The People’s Advocate continues to face a lack of cooperation from many institutions of the Public Administration, which in many cases has a direct bearing on the work carried out and impedes the gathering of concrete data and pertinent information. An especially disturbing issue remains the existence of a high number of recommendations for which no responses have been submitted by respective state authorities – notwithstanding the continued persistence and requests by the People’s Advocate institution. Yet another disconcerting issue relates to the lack of responses from official requests submitted to public administration institutions, which are bound by the law to make accessible and available documents and explanations regarding ongoing investigations carried out by the People’s Advocate. Currently there are 194 unanswered requests for information from Public Administration institutions. In many cases, the People’s Advocate was prevented from state institutions to carry out administrative investigations, including by not providing necessary information and documentation. Furthermore, it is in place to underline the worrisome fact that the People’s Advocate is not duly notified and engaged in reviewing of draft-laws and draft-bylaws. However, it is worth mentioning that there are also positive cases, which have brought to fruition various engagements of the People’s Advocate institution, including the adoption of by the Albanian Parliament of the resolution regarding the prevention of blood feud and the resolution regarding the rights of LGBT community in follow-up to the discussion of the Special Reports that the People’s Advocate submitted to the pertinent parliamentary committees. Importantly, the Albanian Parliament has also included suggestions made by the People’s Advocate institution concerning the labor code and specifically regarding moral harassment at work.

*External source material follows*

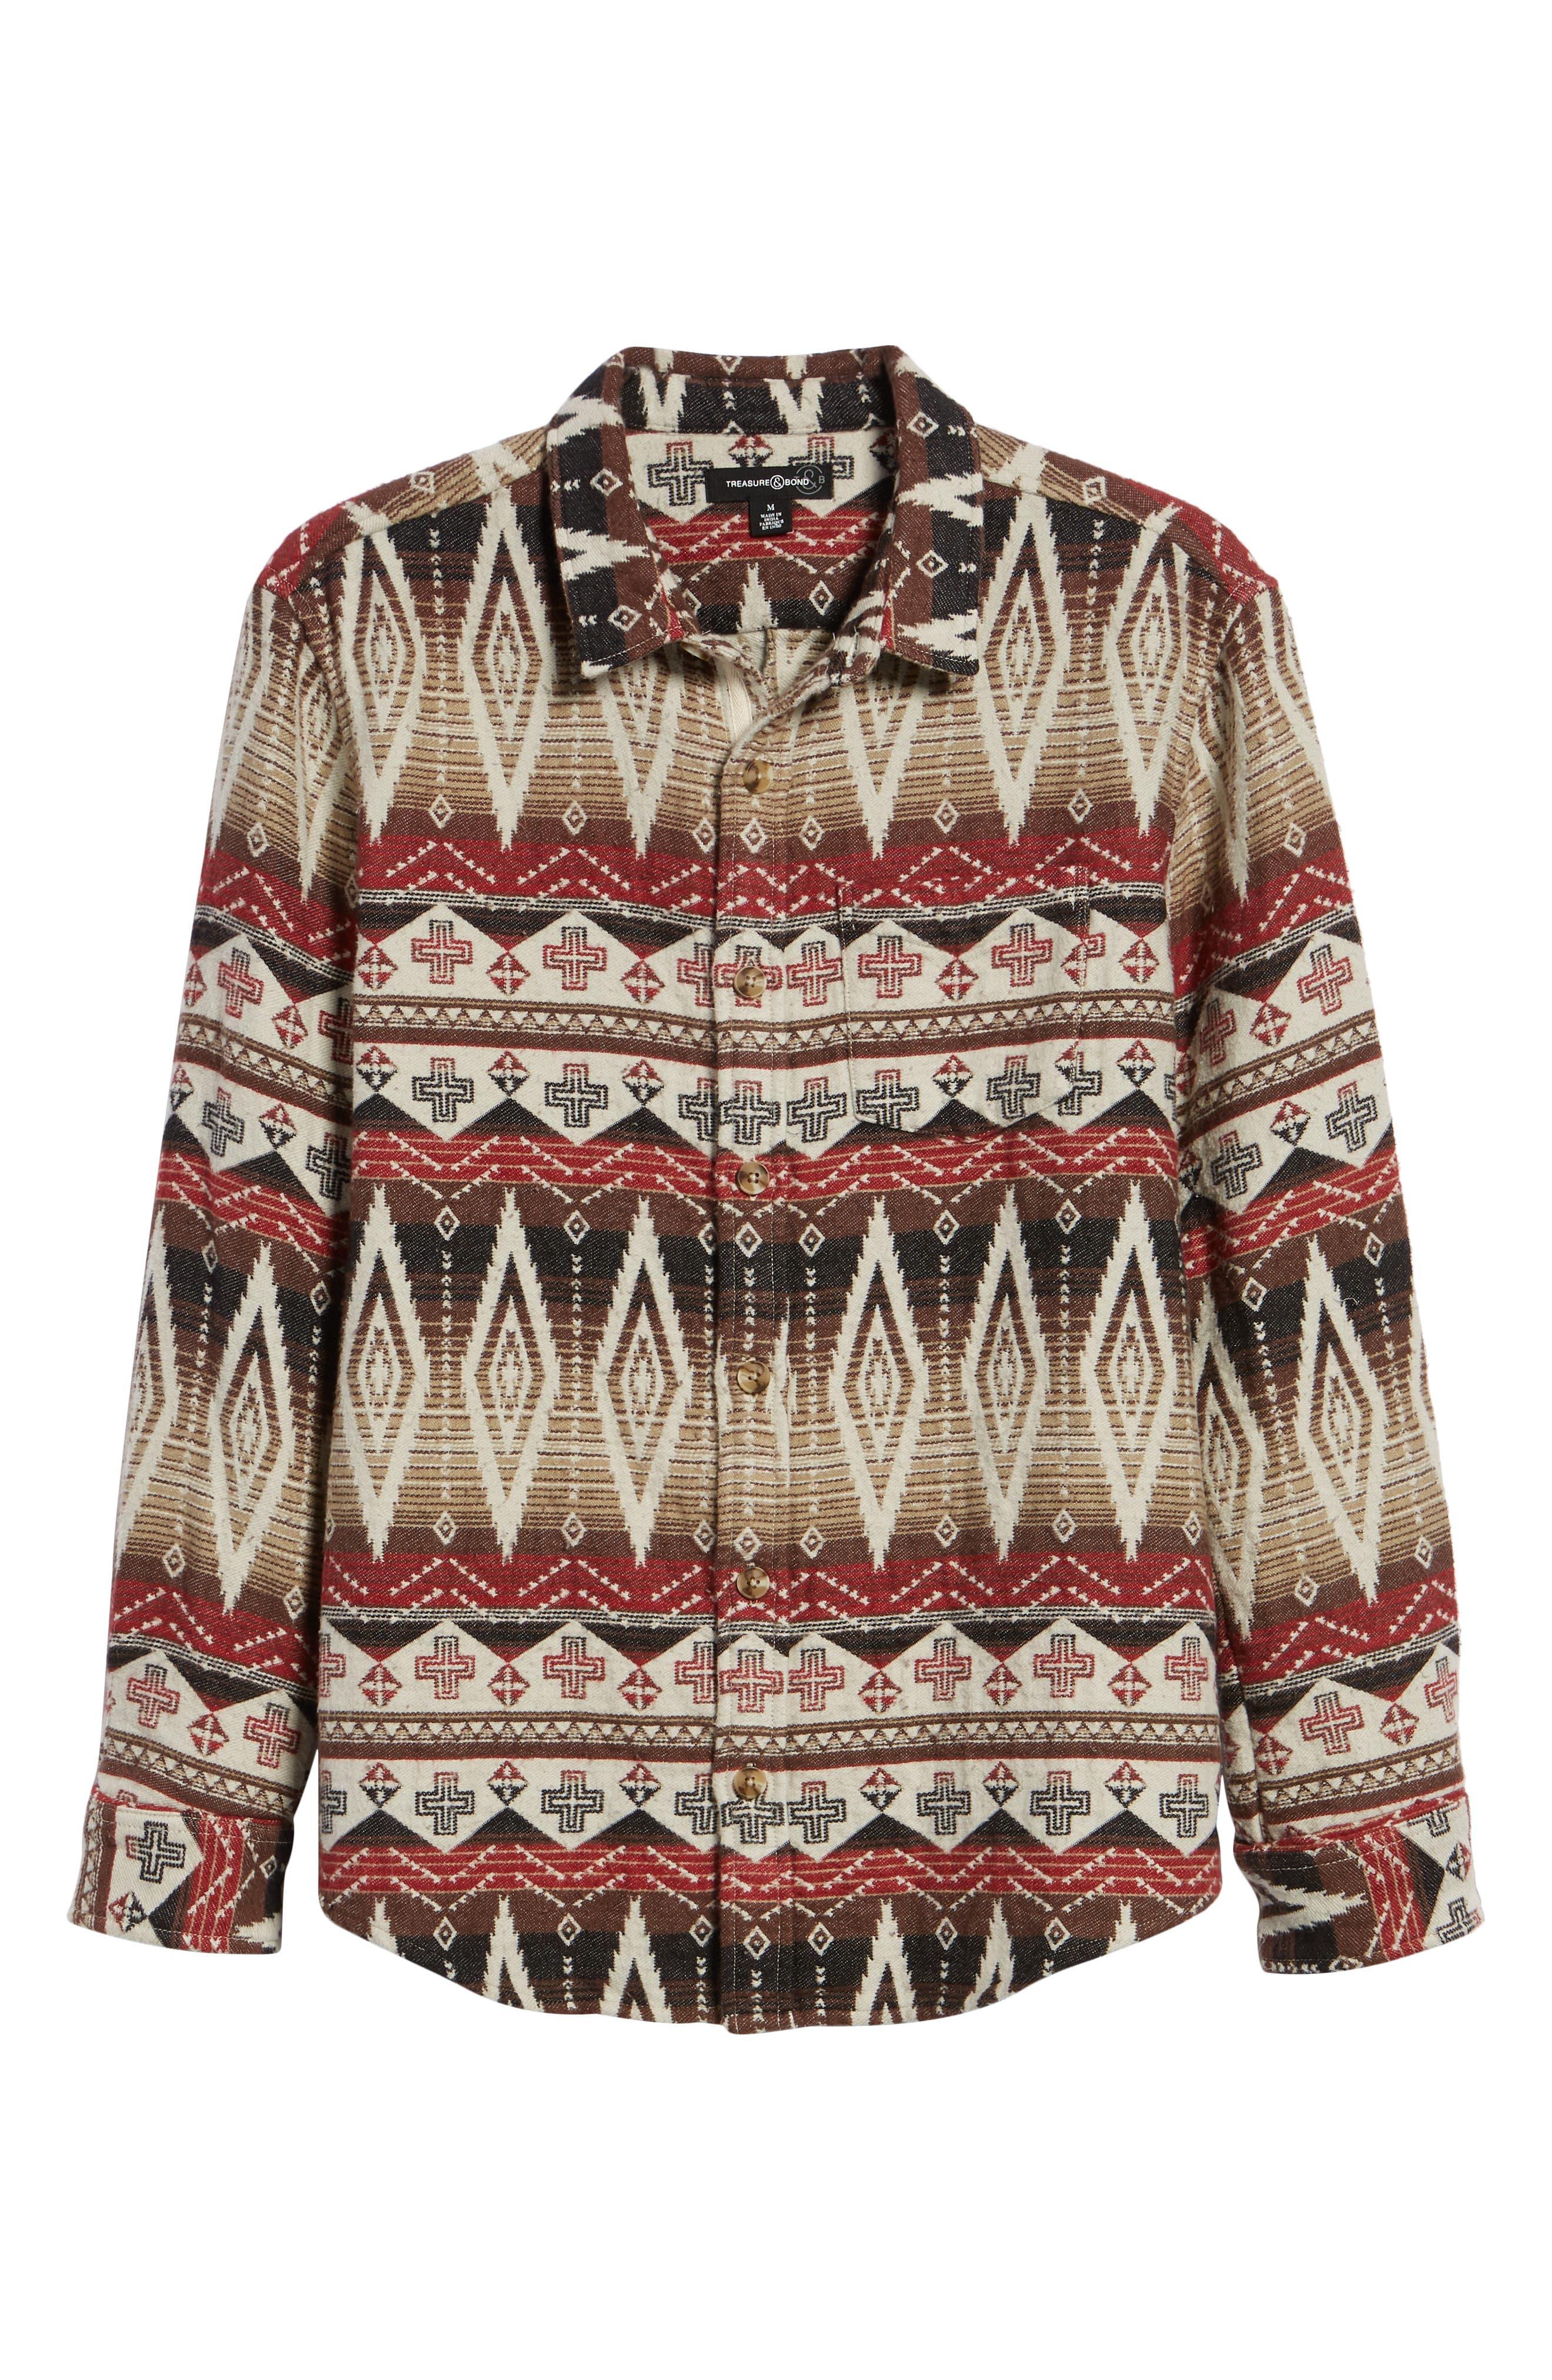 Geo Blanket Shirt Jacket,                             Alternate thumbnail 6, color,                             BEIGE RAINY DAY TRIBAL PRINT

In connection to the justice reform, the People’s Advocate would like to emphasize from the start that an independent Judiciary System, which is efficient and fair, is intimately linked to fundamental human rights and freedoms. Indeed one of the major issues bringing citizens to knock on the doors of the People’s Advocate institution is the failure of the justice system in Albania to guarantee the protection and respect for human rights. Citizens demand an independent judiciary that is efficient and free from corruption. Based on this civic sensibility, I avail of the opportunity to express the strong support for efforts by the European Union and the United States to support the implementation of the judicial reform and to consider it as an immediate need that is of vital importance for all citizens. The People’s Advocate commends the generous assistance of the international community and encourages all political parties to show willingness to meet and follow through with the judicial reform. Without an independent judiciary that is efficient and fair, Albania shall not be able to build a competitive economy, a genuinely democratic political life, a living environment that is safe and secure for its citizens, for domestic and foreign investments. So that the country be able to enjoy the rule of law and all benefits ensuing from the rule of law, the justice system ought to be radically reformed.

The People’s Advocate hereby reaffirms its willingness and earnest commitment to pursue collaboration with institutions of the public administration so as to ensure the protection and promotion of human rights for all citizens.